Enoxaparin sodium pharmacokinetics appears to be linear over the recommended dosage ranges.
ntra-patient and inter-patient variability is low. Following repeated SC administration no accumulation takes place.
Plasma anti-lla activity after SC administration is approximately ten-fold lower than anti-Xa activity. The mean maximum anti-Ila activity level is observed approximately 3 to 4 hours following SC injection and reaches 0.13 IU/mL and 0.19 IU/mL following repeated administration of 100 IU/kg (1 mg/kg) twice daily and 150 IU/kg (1.5 mg/kg)once daily, respectively.
Distribution
The volume of distribution of enoxaparin sodium anti-Xa activity is about 4.3 litres and is close to the blood volume.
Biotransformation
Enoxaparin sodium is primarily metabolized in the liver by desulfation and/or depolymerization to lower molecular weight species with much reduced biological potency.
Elimination
Enoxaparin sodium is a low clearance drug with a mean anti-Xa plasma clearance of 0.74 L/h after a 150 IU/kg (1.5 mg/kg)6-hour IV infusion.

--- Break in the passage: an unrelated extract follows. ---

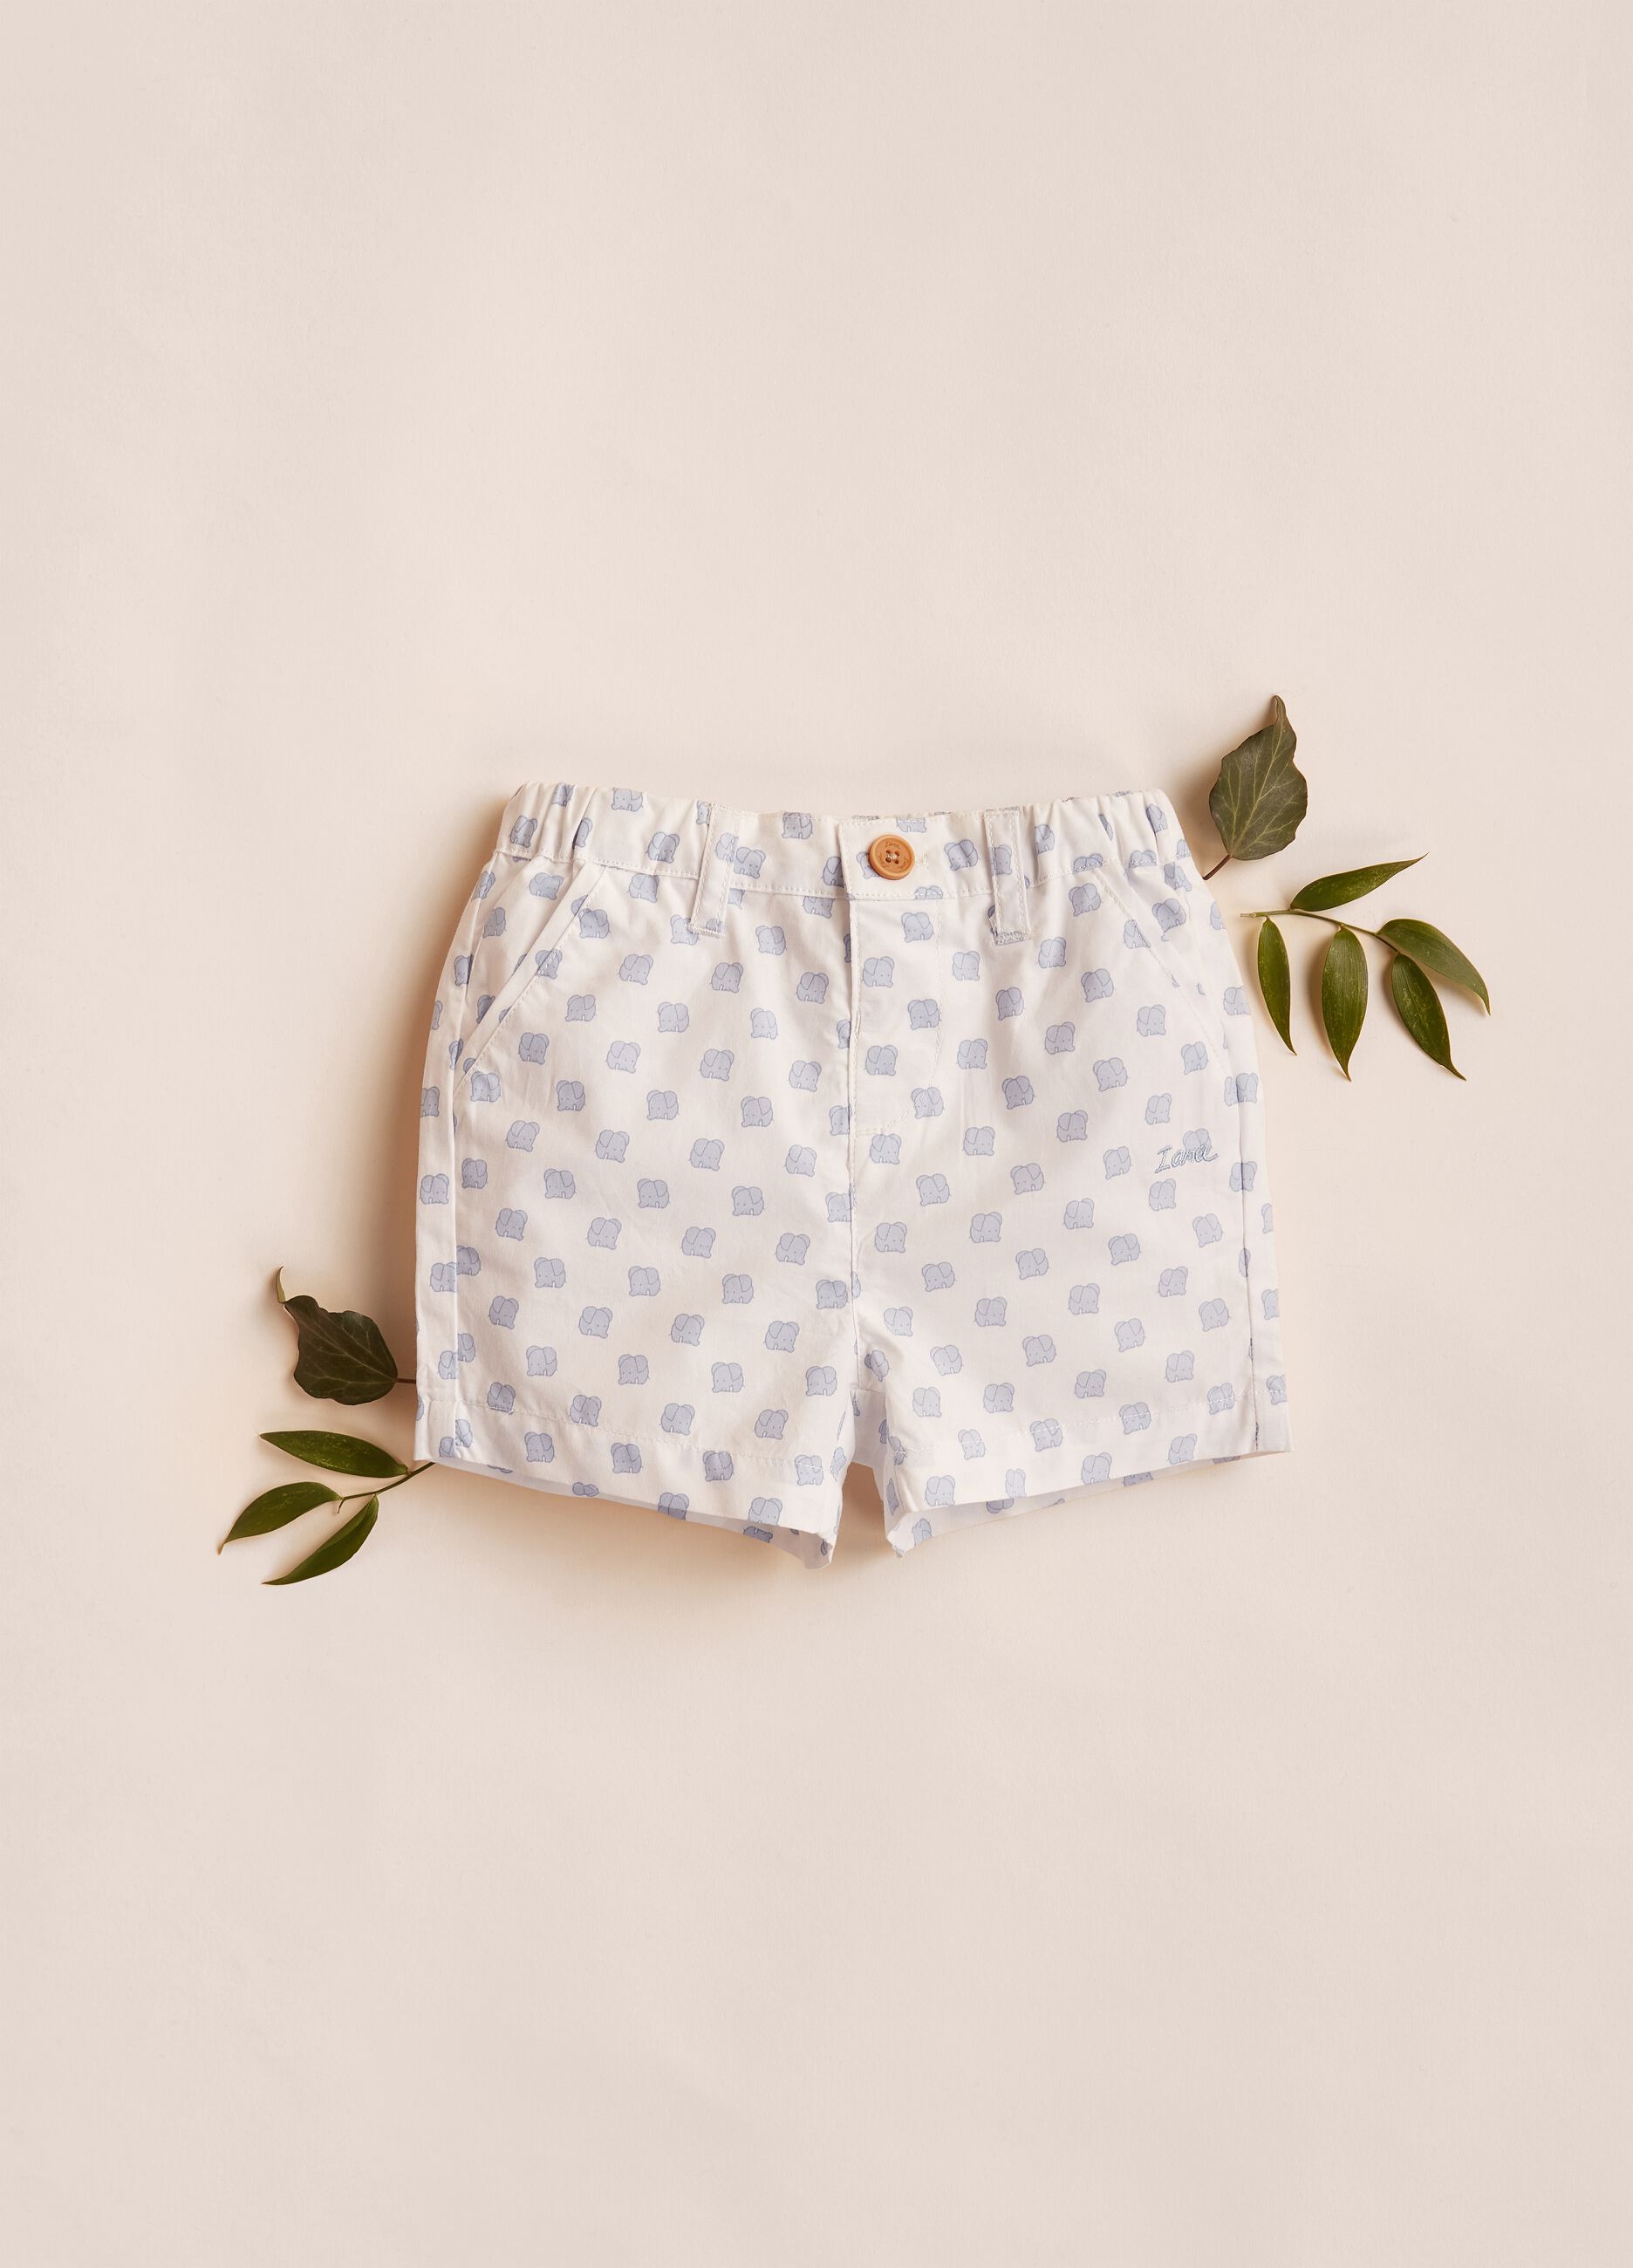 IANA patterned shorts in 100% cotton

Elimination appears monophasic with a half-life of about 5 hours after a single SC dose to about 7 hours after repeated dosing.
Renal clearance of active fragments represents about 10% of the administered dose and total renal excretion of active and non-active fragments 40% of the dose.
STORAGE:
Store between 20°C and 25°C, excursions permitted between 15°C and 30°C.
SHELF LIFE
24 Months
HOW SUPPLIED:
A-EXARIN (Enoxaparin Sodium Injection USP) 20mg/40mg/60mg/80mg & 100mg are supplied in 1mL pre filled glass syringe.